15/9/07

Entre la razón y la compasión


En su nuevo libro, Karen Armstrong analiza las figuras de Buda, Confucio, Sócrates y Jeremías, y sus enseñanzas en India, China, Grecia e Israel. Su conclusión es clara: la religión que declare la guerra a la razón moderna sufrirá la derrota de la fe que proclama. Y a su vez, la sociedad laica que prescinda de los saberes religiosos se verá gravemente dañada.

Con motivo de la publicación de uno de sus últimos libros, The Sunday Times se refería a la británica Karen Armstrong (1944) en estos términos: "Posee un talento deslumbrante; es capaz de abordar un tema complejo y reconducirlo a sus aspectos esenciales, sin caer en simplificaciones".

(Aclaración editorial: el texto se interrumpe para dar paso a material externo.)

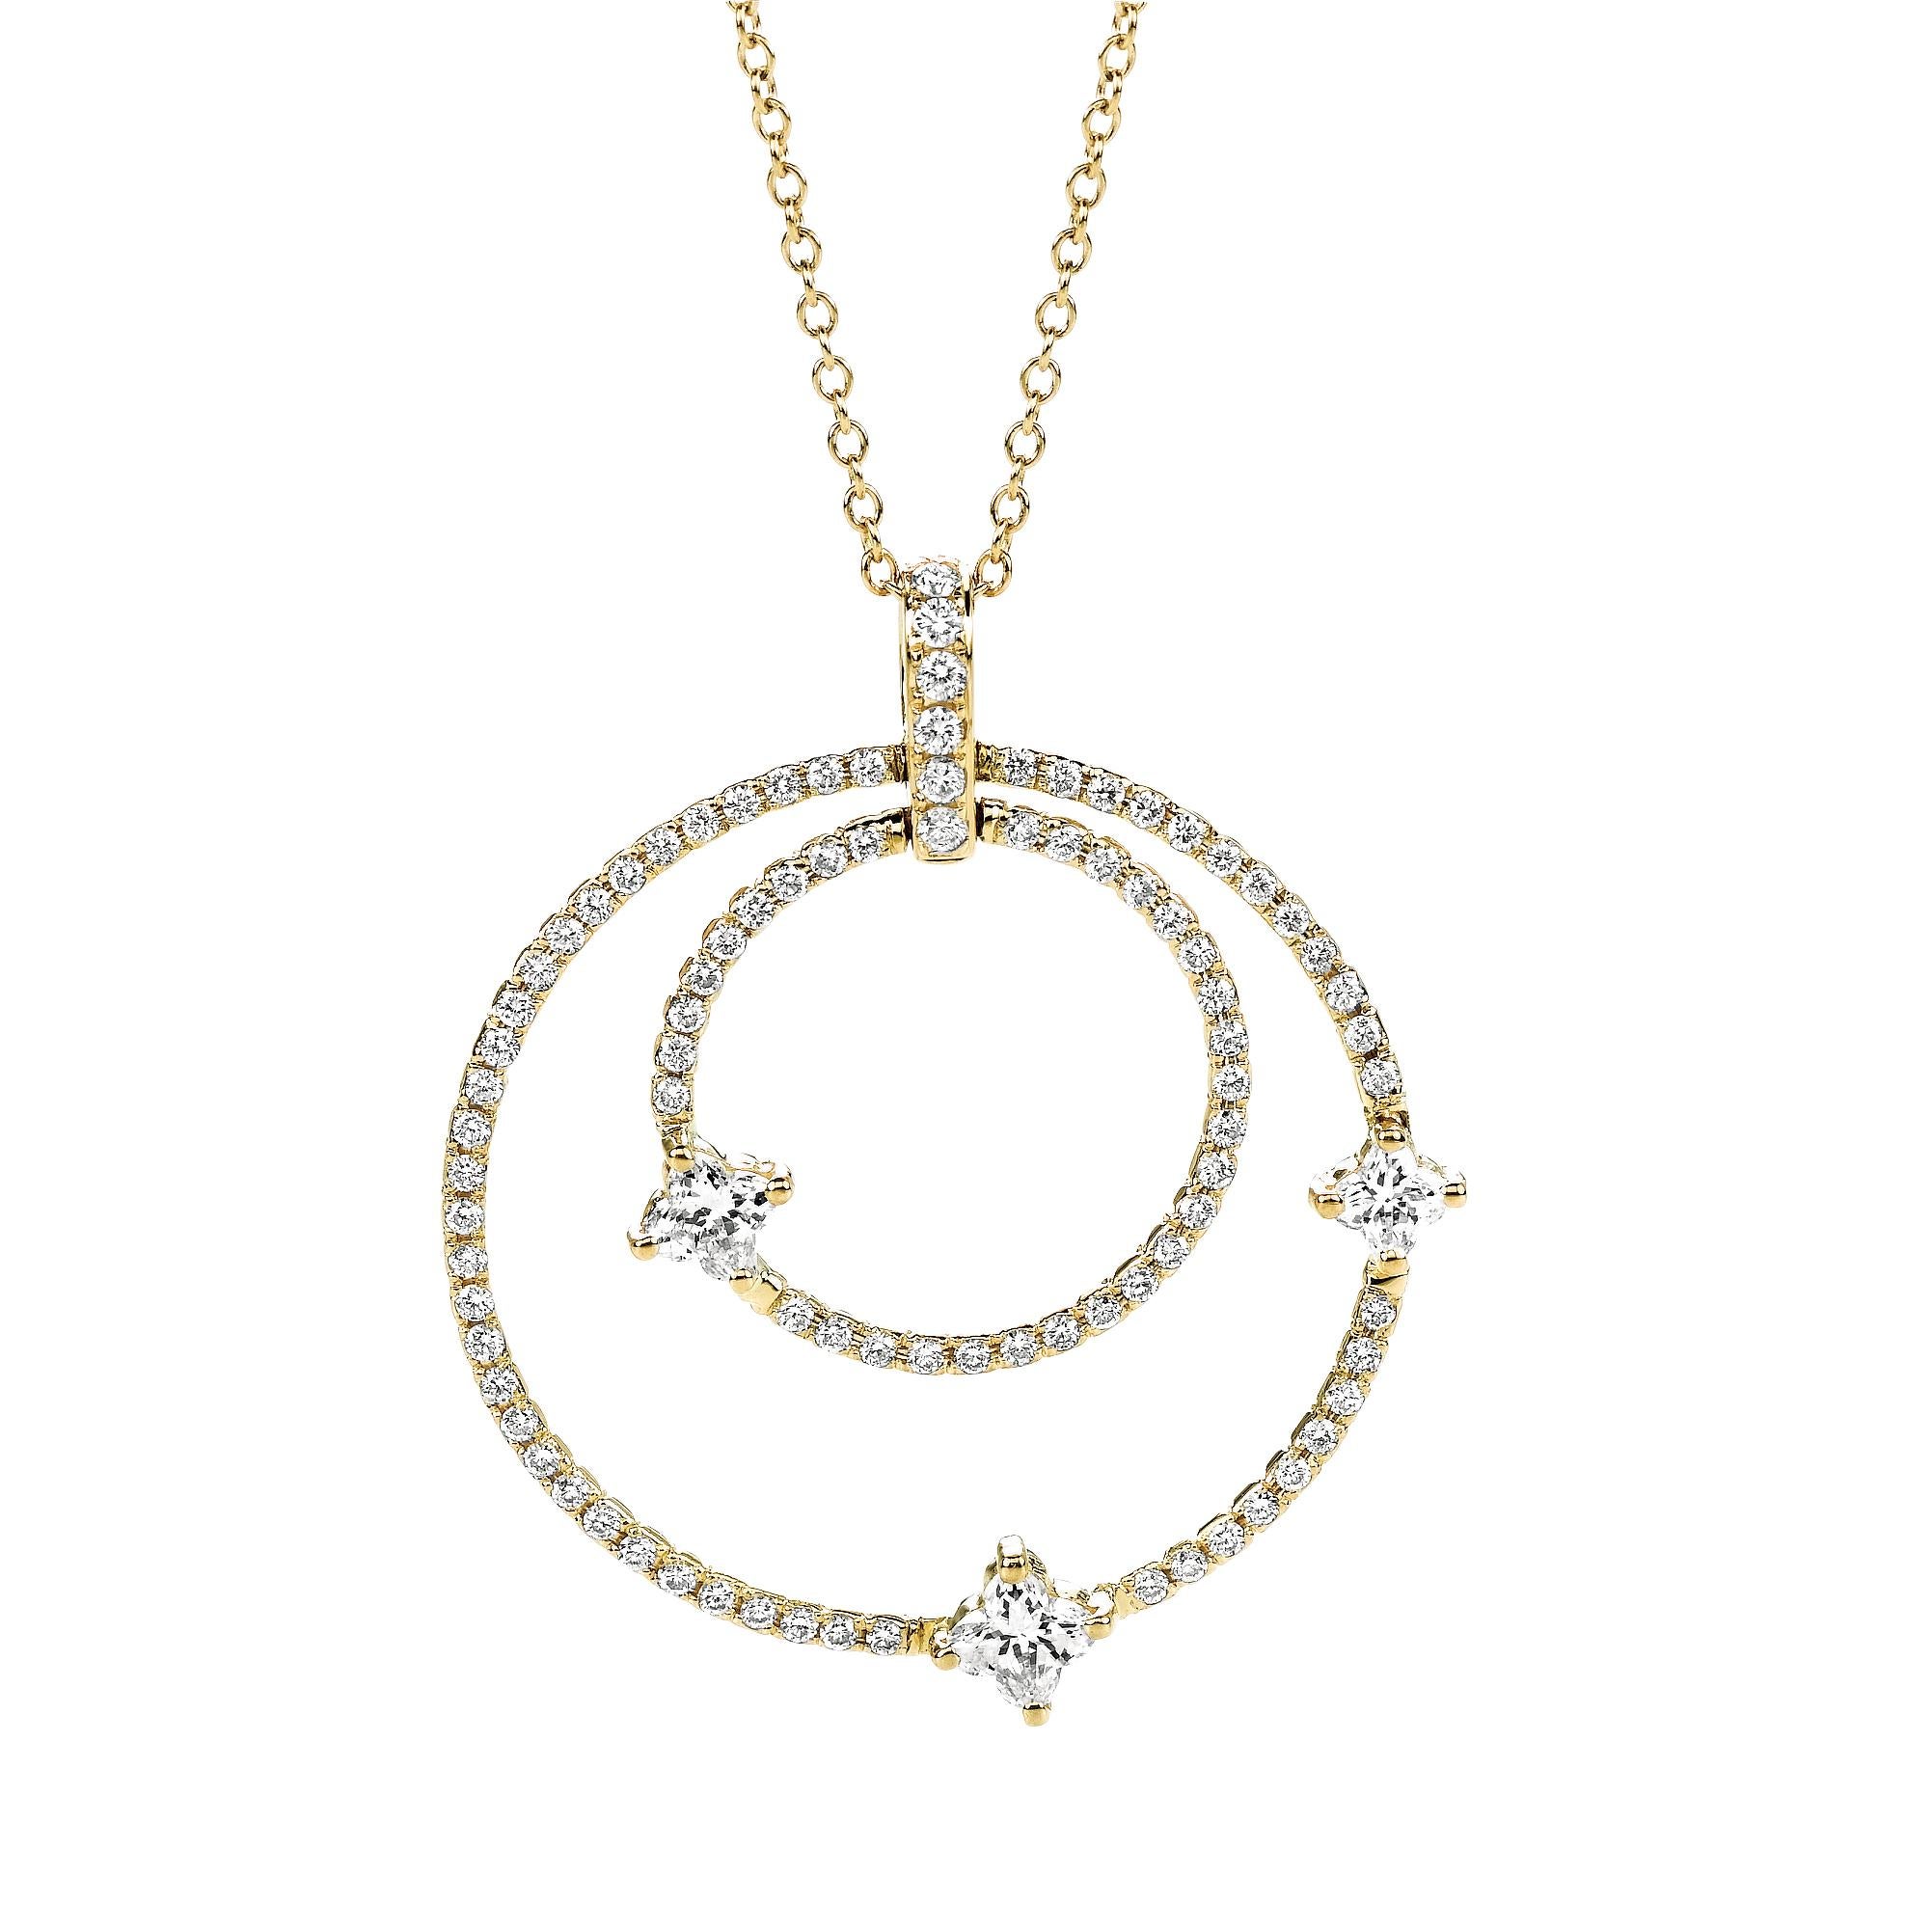 18KT yellow gold diamond round and flower necklace. 3   flower shape diamond H color VS SI clarity  0.60 cts . additional 0.54 ct round diamond accent .   17 inch with a link to shorten to 16 inch . Diameter of circle pendant 1 inch , 3 cm

Es, tal vez, la mejor caracterización que se puede ofrecer de esta "monja fugitiva", como ella misma se autocalifica, aludiendo así a los siete años de rígida vida monacal que pasó en un convento de la Sociedad del Sagrado Niño Jesús. Abandonado el convento, Karen Armstrong emprendió una vida, también "rígida", de estudio, docencia e investigación. Fue decisivo el viaje que, en 1984, la condujo a Jerusalén. A partir de esta fecha se centró en un gran proyecto de investigación: el estudio de las grandes tradiciones religiosas de la humanidad, especialmente de las monoteístas: judaísmo, cristianismo e islamismo. Hoy es ya una voz imprescindible. La avalan títulos de resonancia mundial como Una historia de Dios; Jerusalén, una ciudad y tres religiones; El islam; Los orígenes del fundamentalismo en el judaísmo, el cristianismo y el islam, y La gran transformación, obra que hoy presentamos.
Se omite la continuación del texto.